For any fixed real scale L the φ-ladder contains only finitely many rungs below it. Navier-Stokes regularity arguments that rely on the Recognition Science cutoff cite this finiteness result. The proof extracts N from the standard limit φ^n → ∞ as n → ∞, which follows from φ > 1.

Claim. For every real number $L$, there exists a natural number $N$ such that $L ≤ φ^n$ holds for every natural number $n ≥ N$, where $φ$ is the golden ratio and the rung scale at level $n$ is $φ^n$.

background

The module formalizes the φ-ladder cutoff for Navier-Stokes regularity on the RS discrete lattice. The rung scale at level n is defined by phiRungScale n := φ^n and is positive and strictly increasing. Upstream results establish 1 < φ, which guarantees that its powers diverge to infinity. This sits inside the Recognition Science derivation where φ arises as the self-similar fixed point.

proof idea

The argument invokes the tendsto fact for powers: since 1 < φ, φ^n tends to infinity at infinity.
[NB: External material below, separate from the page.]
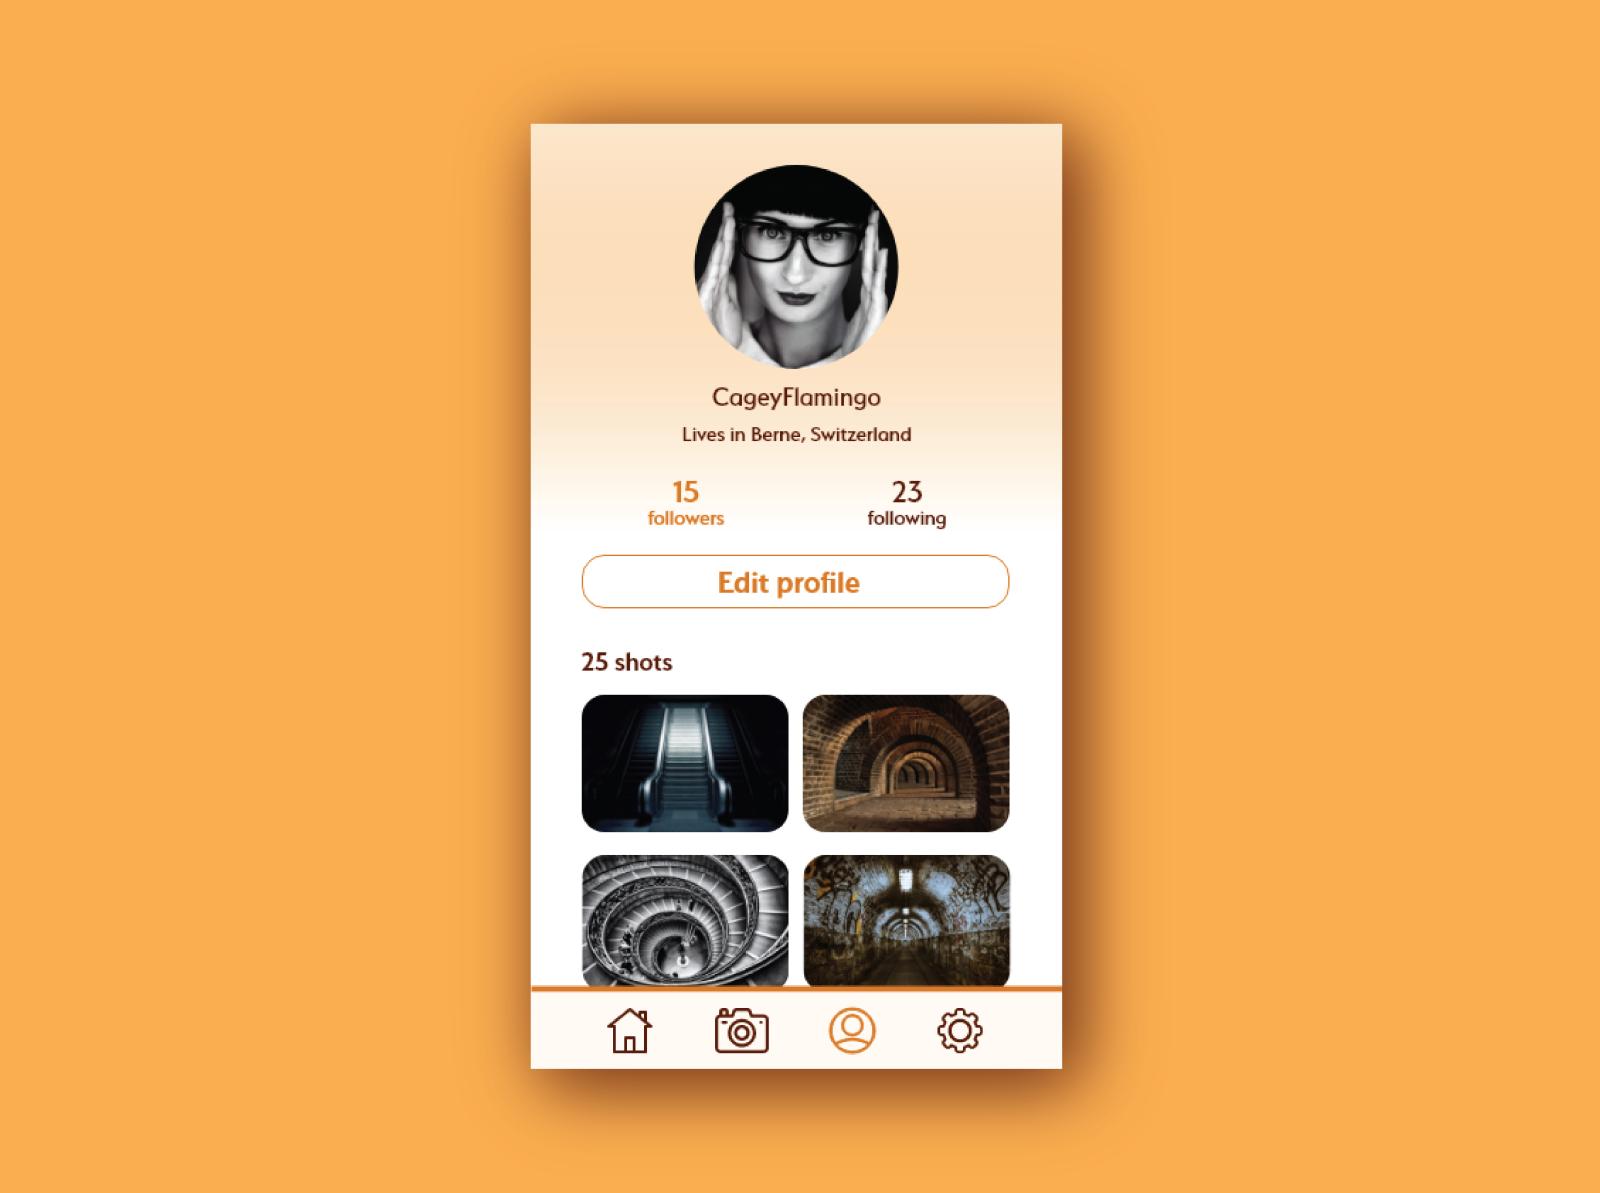 Design challenge - User profile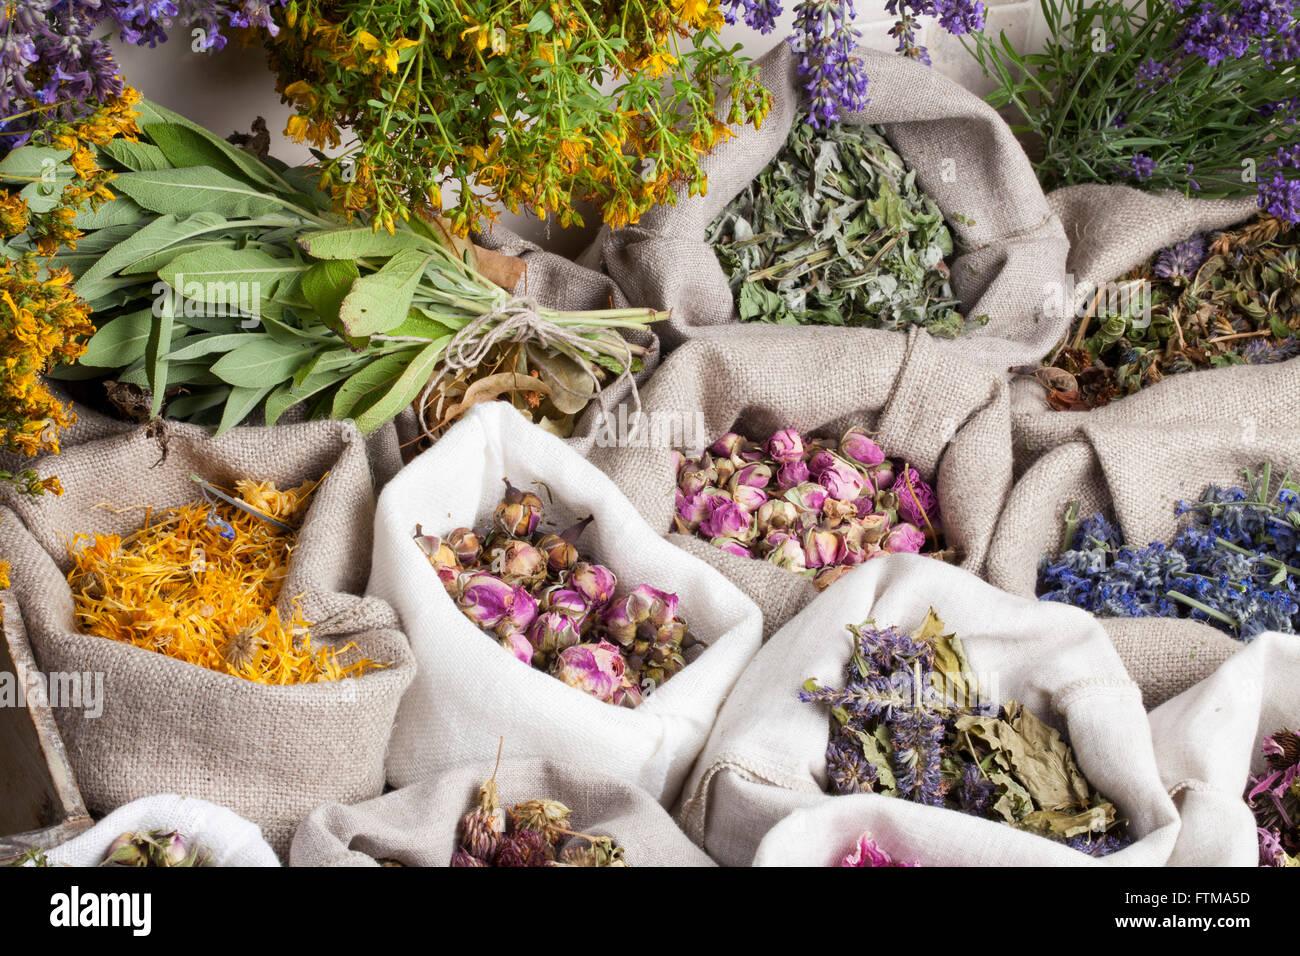 Healing medical herbs in a linen sacks - Stock Image

It rewrites this as the atTop_atTop property, picks N large enough that φ^n exceeds the ceiling of L for n ≥ N, and concludes via the inequality L ≤ ⌈L⌉₊.

why it matters

This finiteness statement is assembled into the main certificate phiLadderCutoff, which collects the J-cost properties, the decay factor, and the cascade depth results. It supplies the ultraviolet termination needed for the regularity claim in the paper NS_Regularity_Phi_Ladder_Cutoff. Within the framework it closes the finite-depth cascade consistent with the eight-tick structure.